** Opening Records provided block **

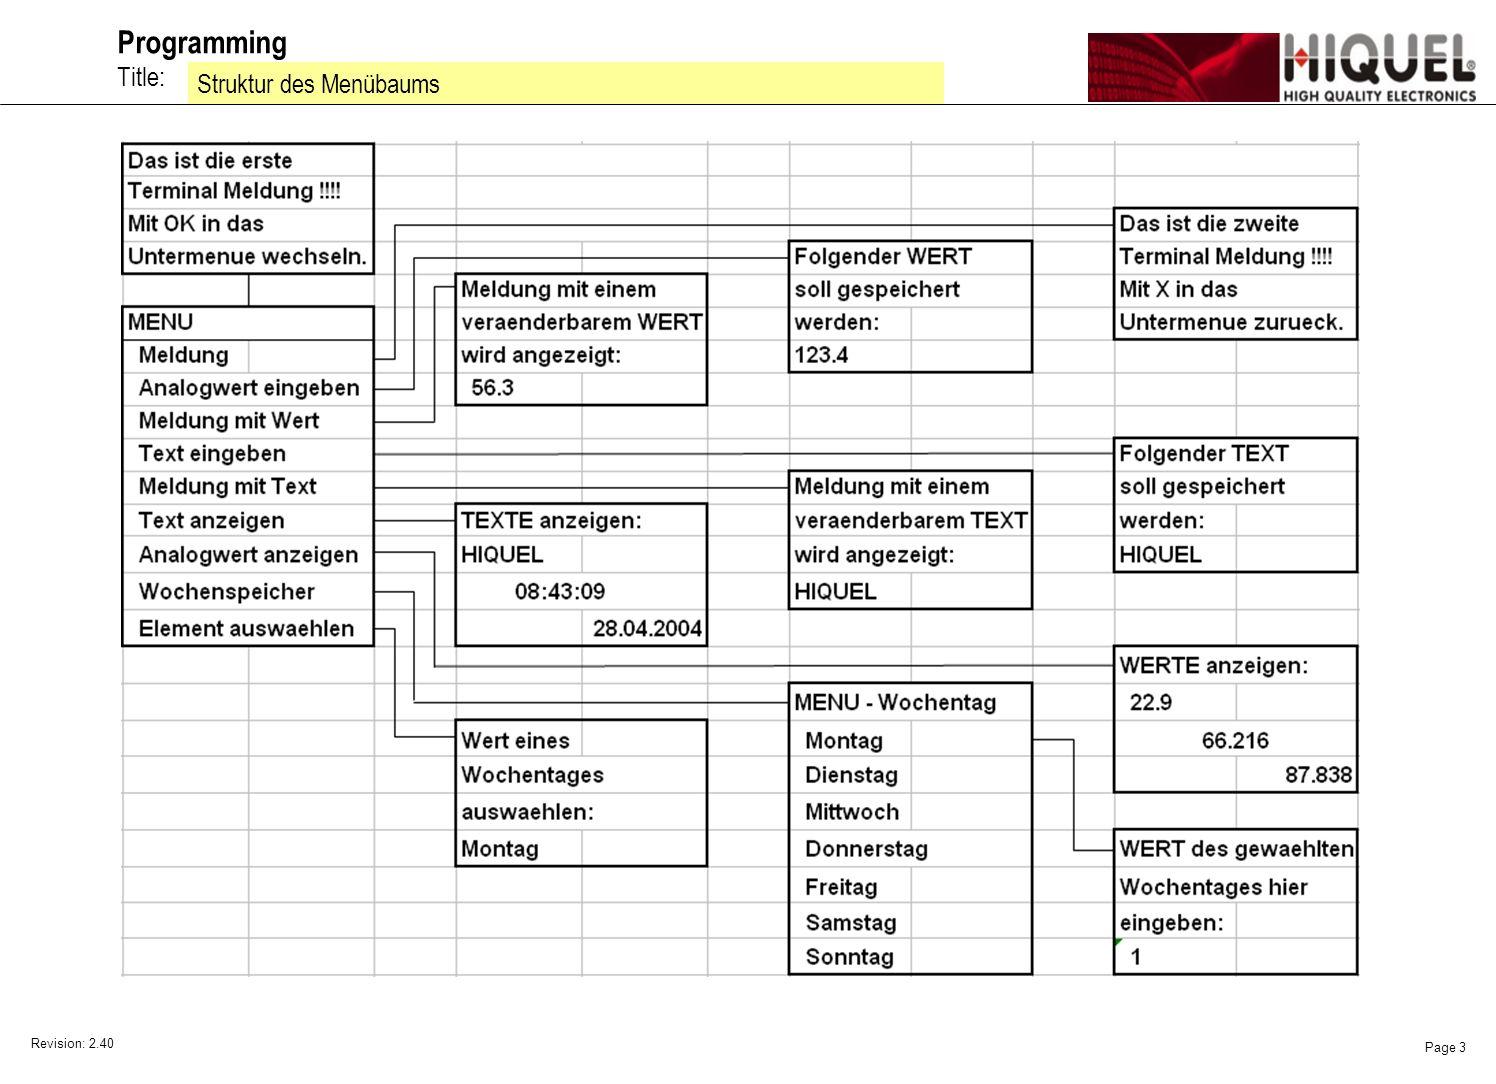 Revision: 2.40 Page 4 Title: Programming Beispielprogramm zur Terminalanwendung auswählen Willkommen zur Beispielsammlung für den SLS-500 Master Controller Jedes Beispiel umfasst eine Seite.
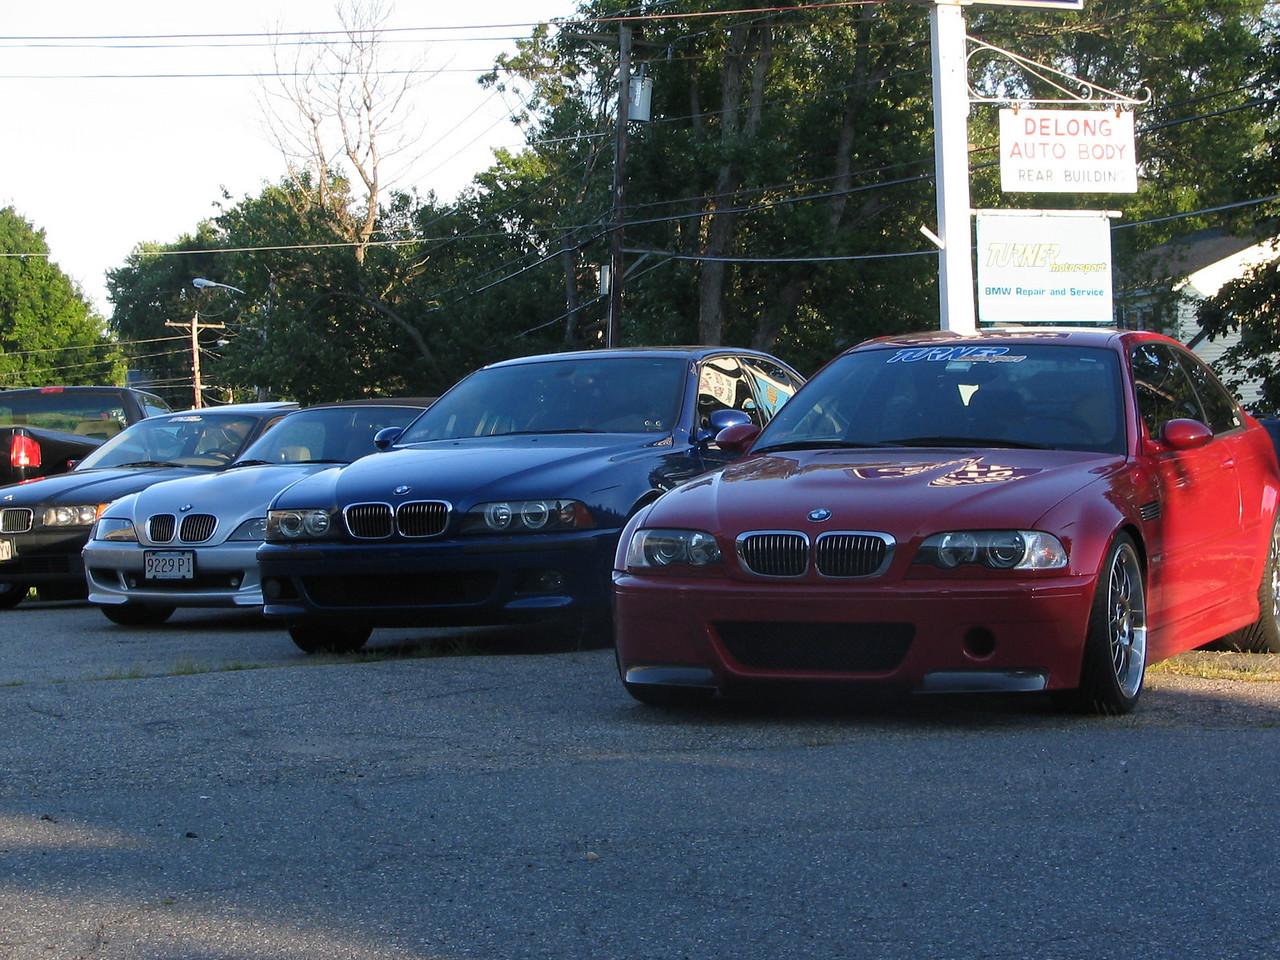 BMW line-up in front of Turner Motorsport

** Closing Records provided block **
** Opening Records provided block **

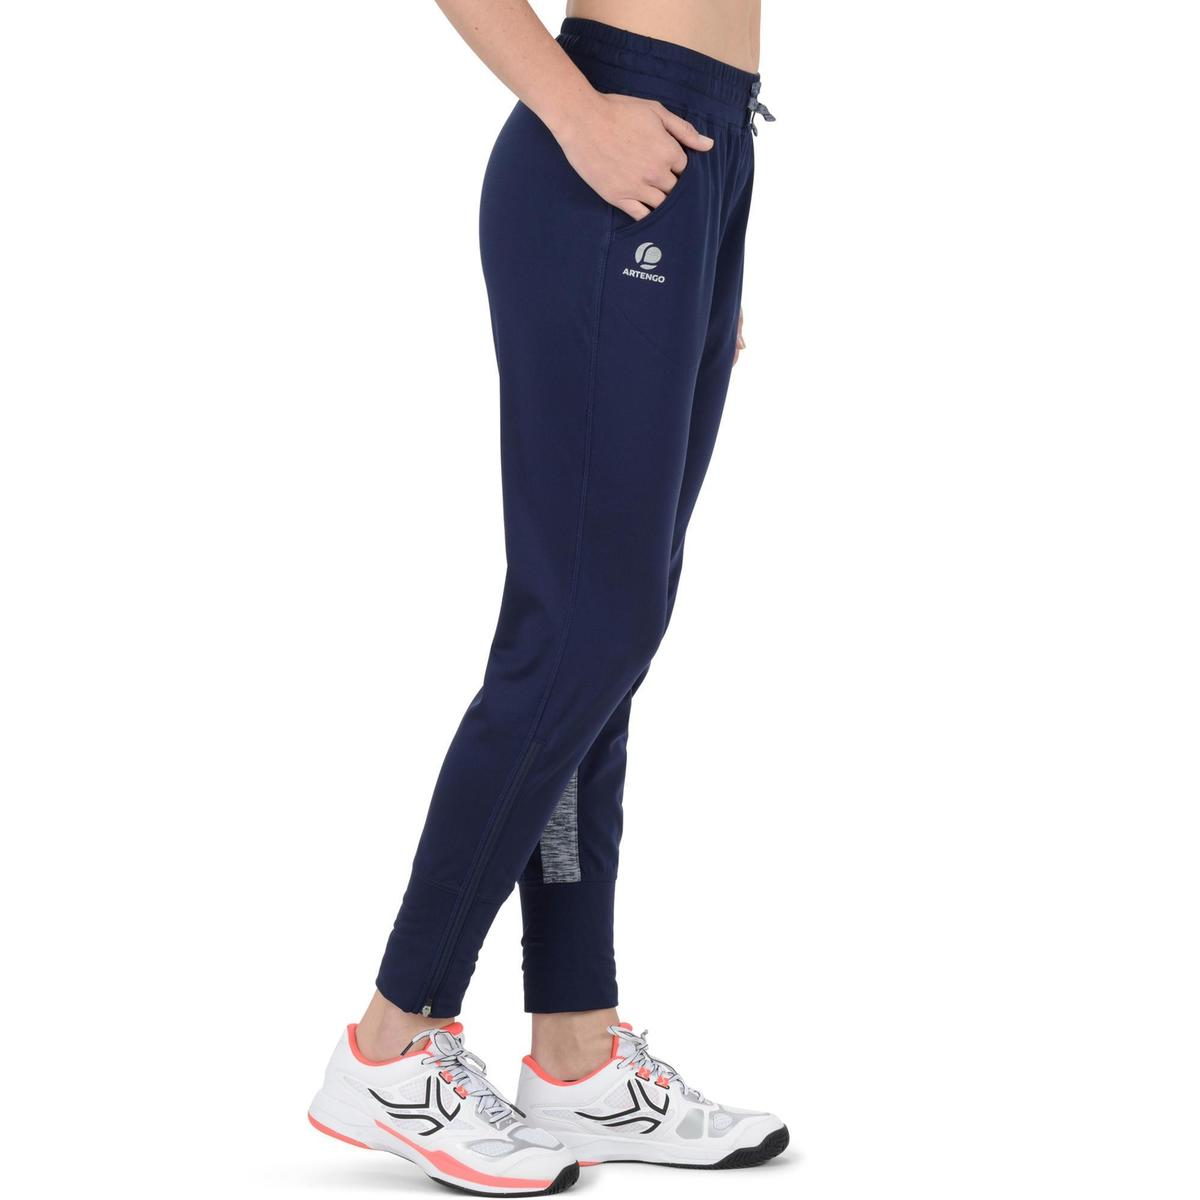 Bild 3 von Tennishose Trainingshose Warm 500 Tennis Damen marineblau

** Closing Records provided block **

> [What the task asks]: Without the pictures, set down the lines above from the line with "Revision: 2.40 Page" up to and including the line with "BMW line-up in front of Turner Motorsport" exactly as they stand.

> [Response to the exercise]:
 Revision: 2.40 Page 4 Title: Programming Beispielprogramm zur Terminalanwendung auswählen Willkommen zur Beispielsammlung für den SLS-500 Master Controller Jedes Beispiel umfasst eine Seite.
 BMW line-up in front of Turner Motorsport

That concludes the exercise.